DATA FOR ANALYSIS:
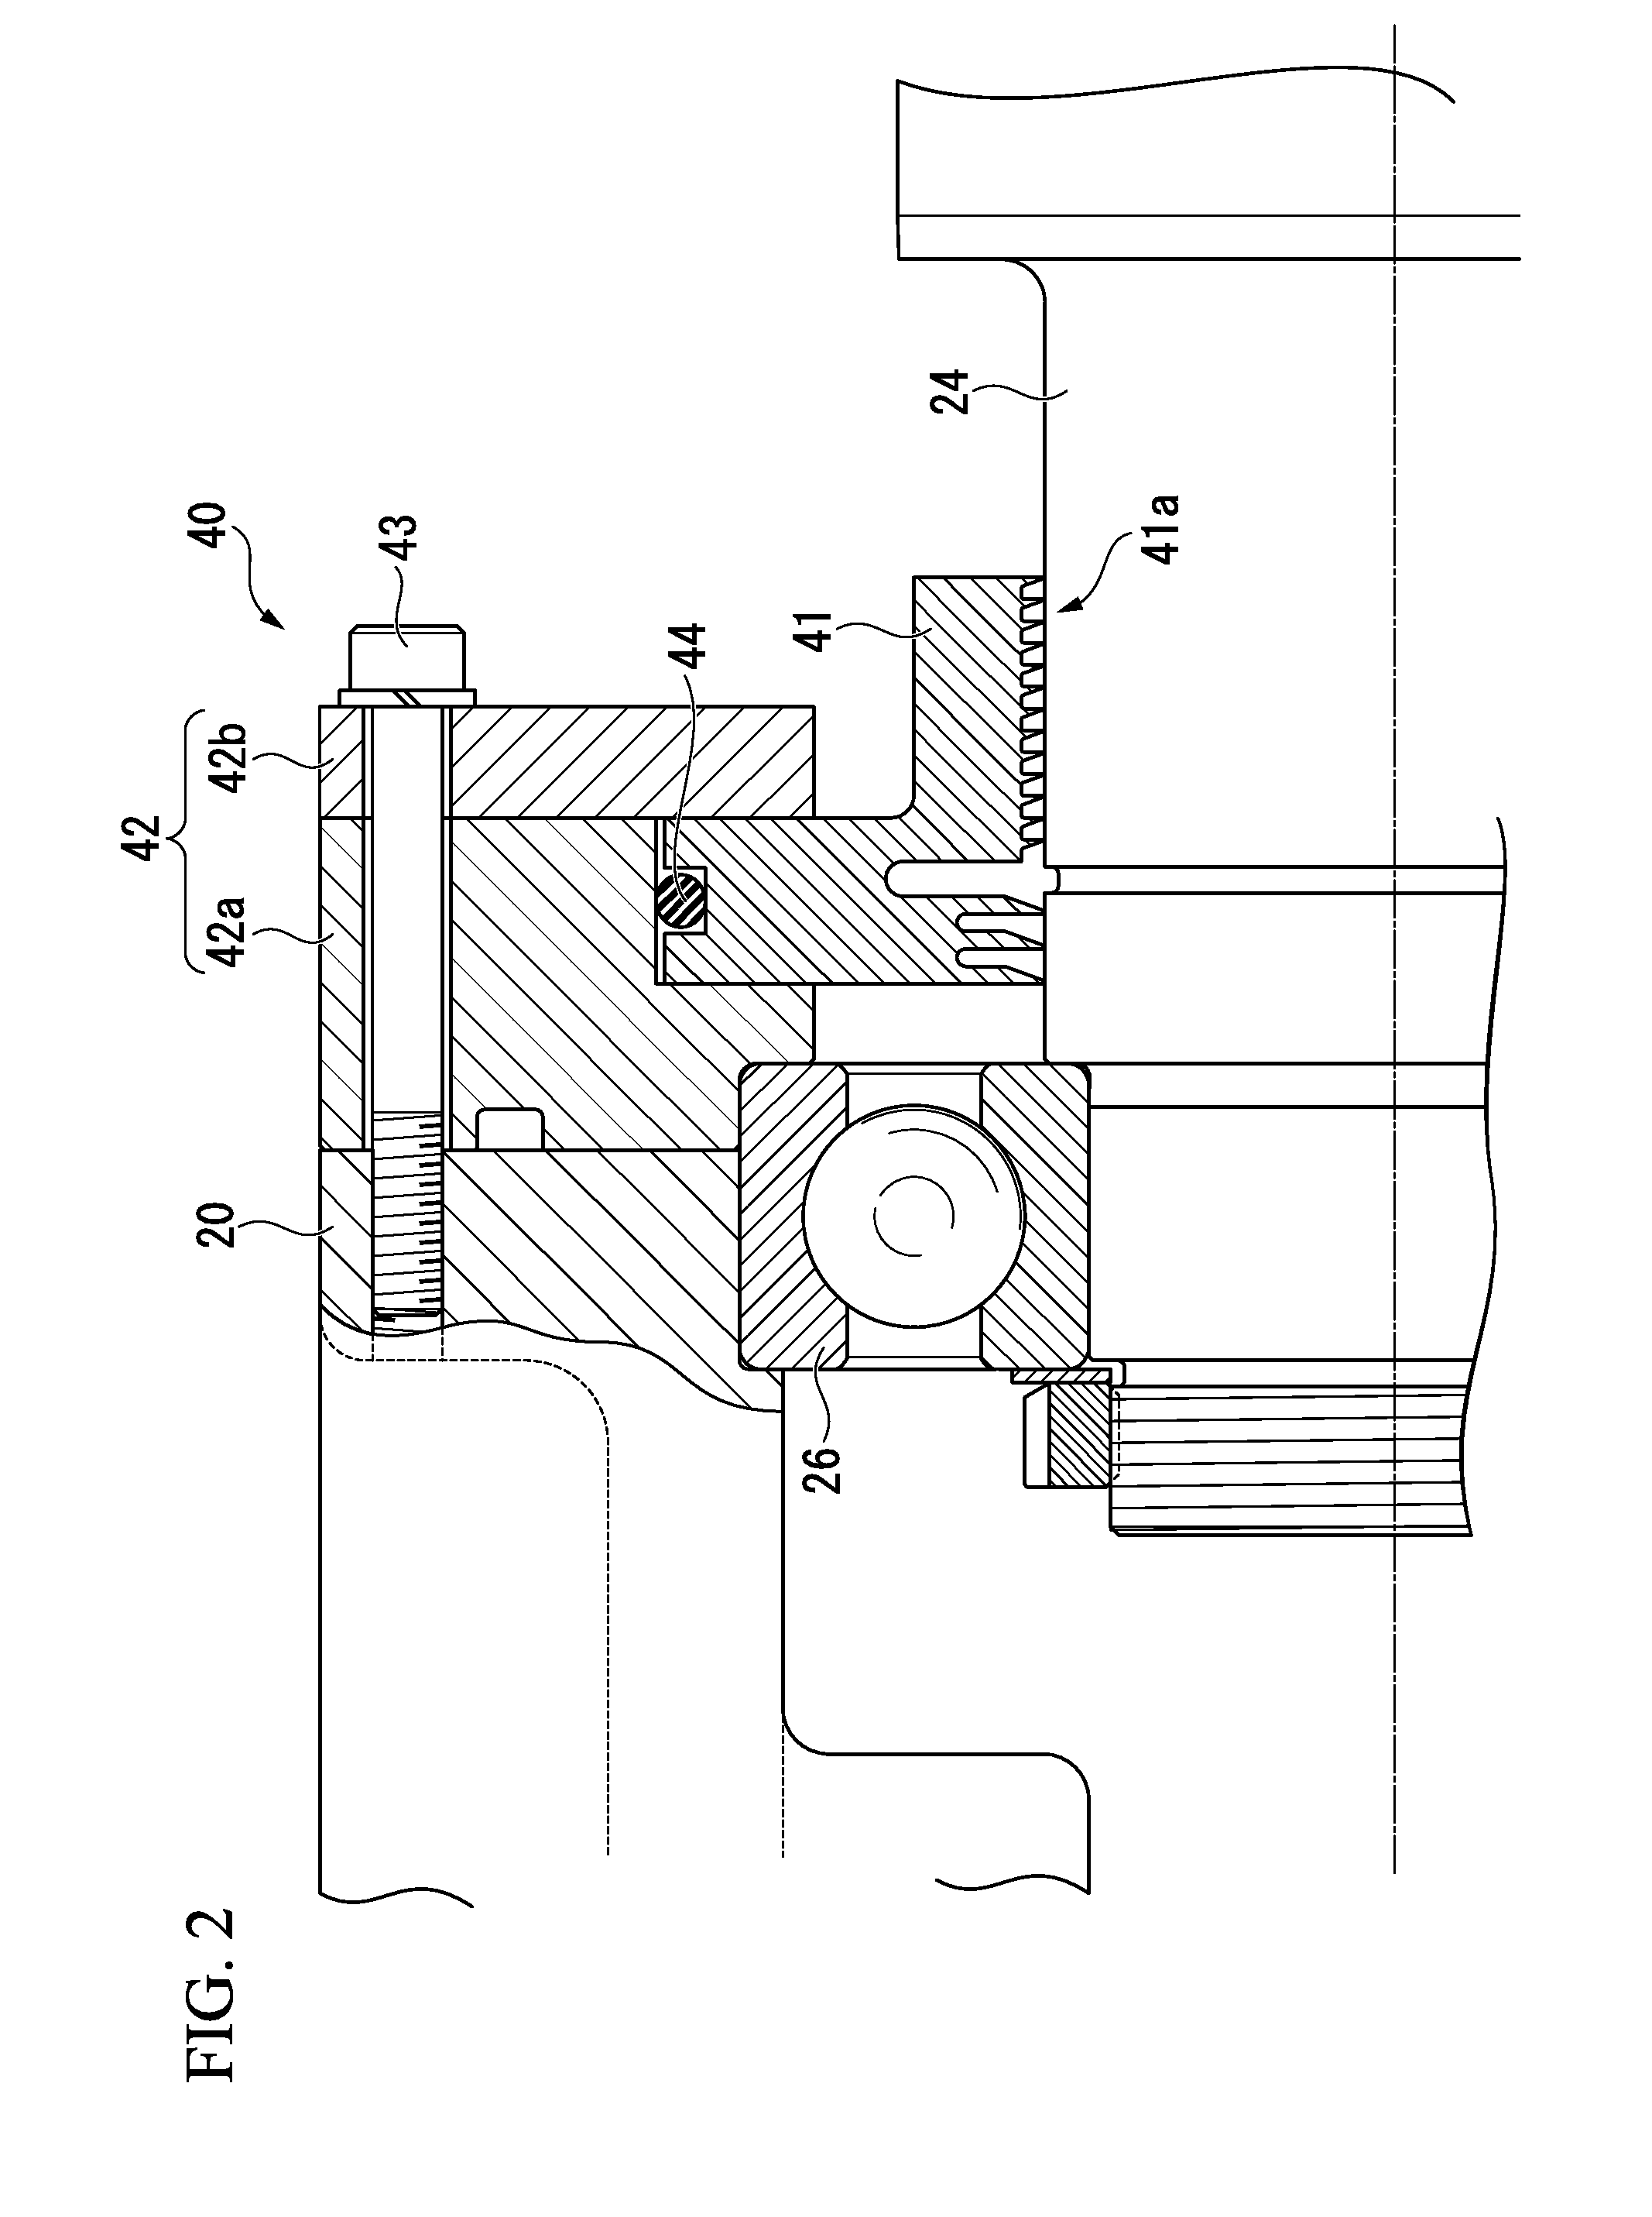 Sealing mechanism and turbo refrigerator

---

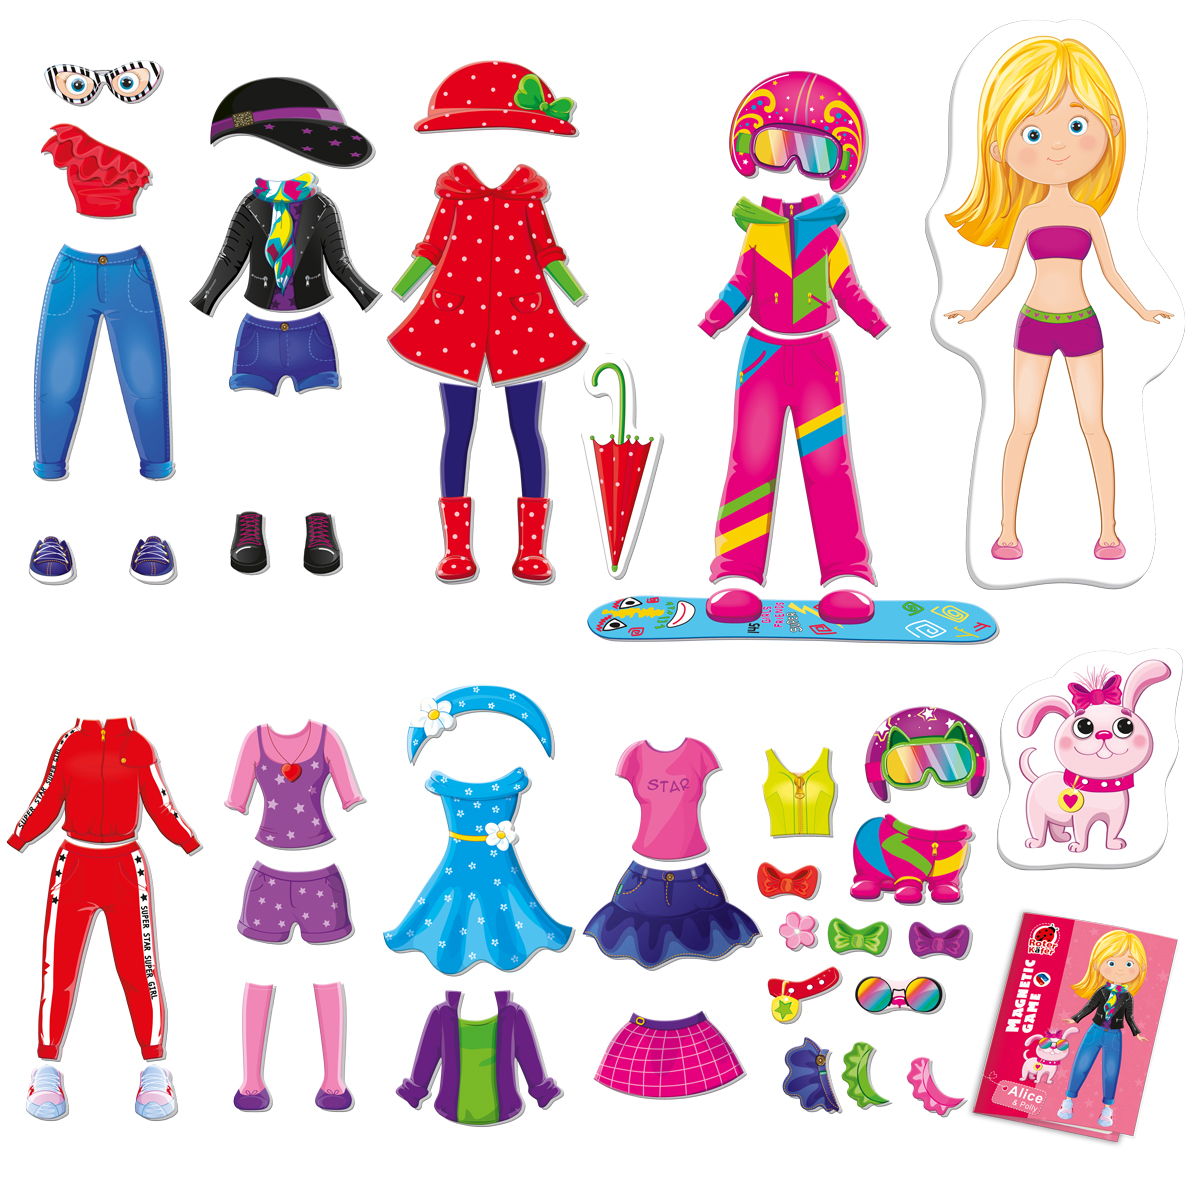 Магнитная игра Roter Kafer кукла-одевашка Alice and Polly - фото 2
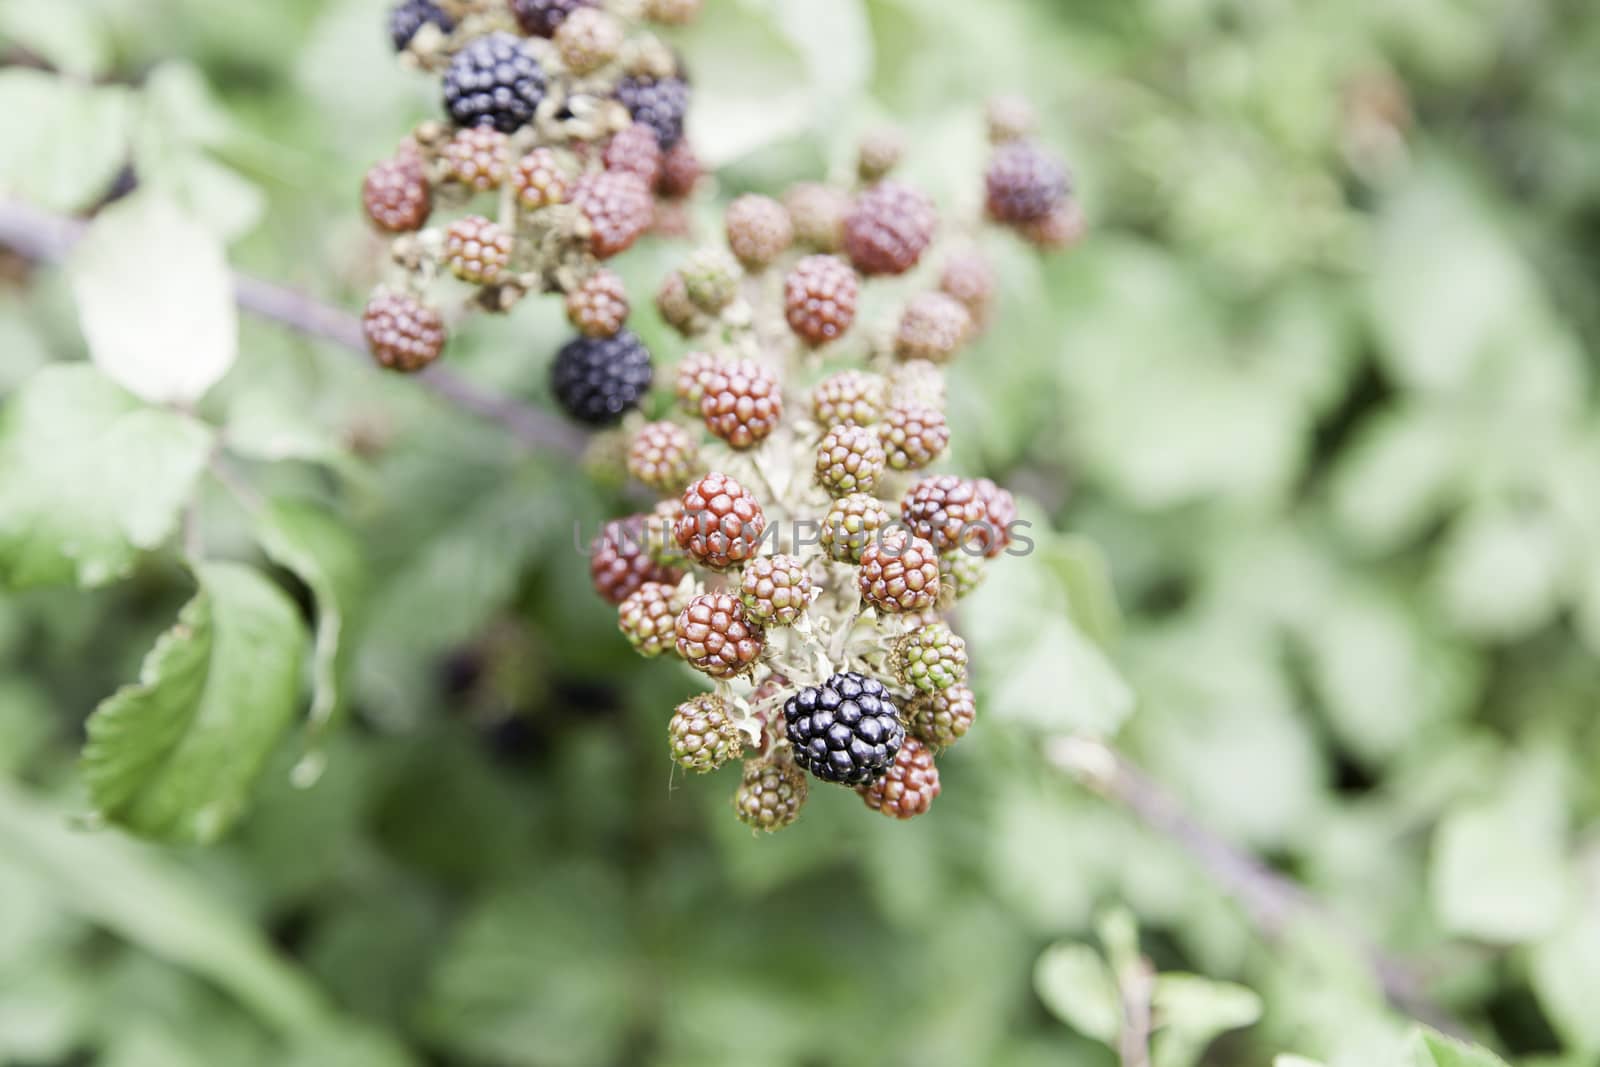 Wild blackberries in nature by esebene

YOUR OBJECTIVE: Leave out every picture, and copy exactly the lines above starting at the one holding "Магнитная игра Roter" and ending at the one holding "Wild blackberries in nature by esebene", no more and no less.

TASK SOLUTION:
 Магнитная игра Roter Kafer кукла-одевашка Alice and Polly - фото 2
 Wild blackberries in nature by esebene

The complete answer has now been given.